From a clinical perspective, the addition of adolescents to the research populations for which knowledge of family history appears to have salutary effects opens the possibility that in this variable we have come upon not only an index of well-being in children [Duke] but an important developmental and clinical component of identity. While surely preliminary and in need of empirical assessment, it may be speculated that the importance of knowledge of family history may not be limited to just these early stages of life. It may, for example, be the case that in family narratives we do in fact have a figurative thread which not only holds families together, but contributes to continuity across the life spans of individual members of those families, regardless of their developmental stage. To this point in our work, we have considered the older generations of families as the sources of family information, but it may also be that they are and have been in their own lives the carriers of and the recipients of the extended family narratives.

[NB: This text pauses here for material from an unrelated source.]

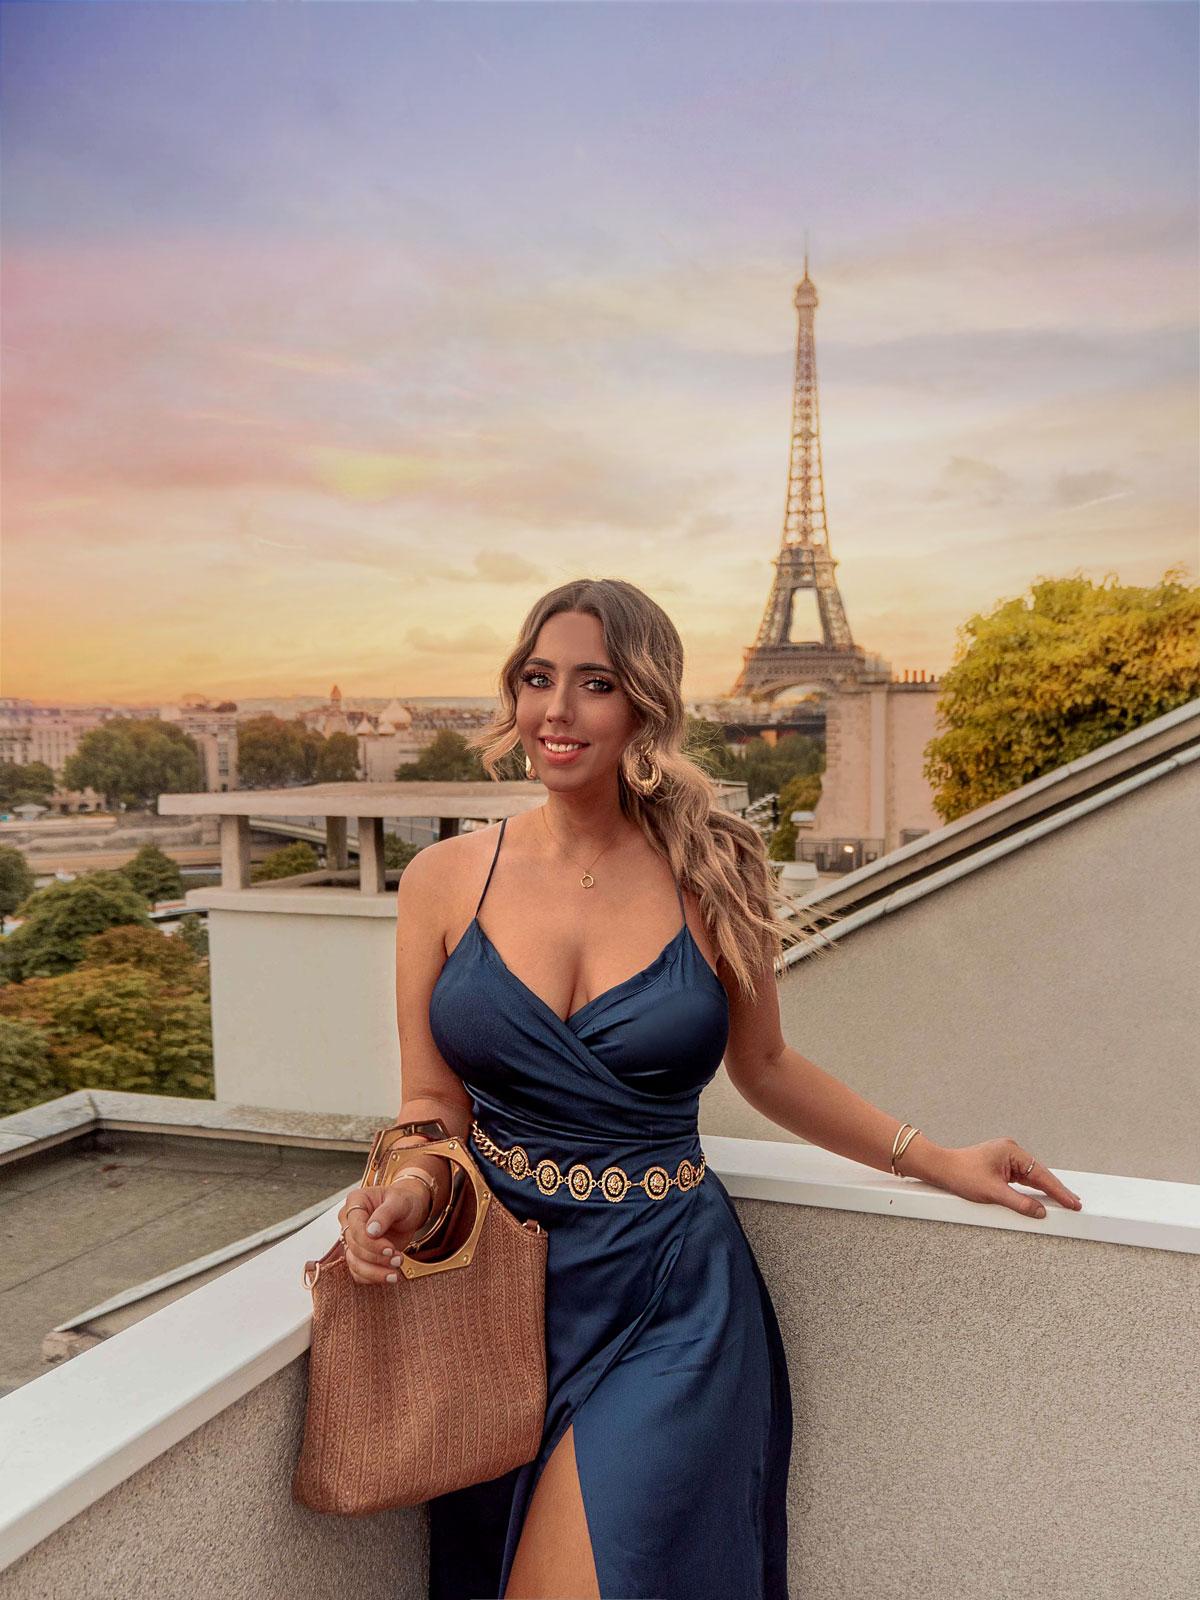 20-Best-Paris-Photography-Locations-Instagram-Spots--@kelseyinlondon-Kelsey-Heinrichs--Restaurant-Maison-Blanche

Questions that arise from such life span developmental considerations include inquiries into the reasons for parents and grandparents feeling the need to pass on family knowledge. Further, and paralleling the findings that we have reported on the benefits of knowledge of family history in children and adolescents, there is the question of whether adults who do not know their family histories and/or do not pass them on are in some way less well-adjusted, have less well-functioning families, are less resilient or have less clear identities than those who do carry and transmit their family narratives. Both developmentally and clinically, then, studies of the relationships among DYK scores and age-relevant variables at other developmental stages may be warranted. Further, yet to be tested but plausible, there is the possibility that knowledge of family history may serve useful diagnostic and/or prognostic purposes in applied settings with adults as well as children and adolescents.
Thus, although limited by a small and relatively homogenous sample, this study replicates and extends our previous findings of the power of adolescents knowing their family history. Stories of the familial past seem to provide a guide for adolescents' developing sense of self and identity beyond everyday patterns of family interaction. Through sharing the past, families re-create themselves in the present, and project themselves into the future.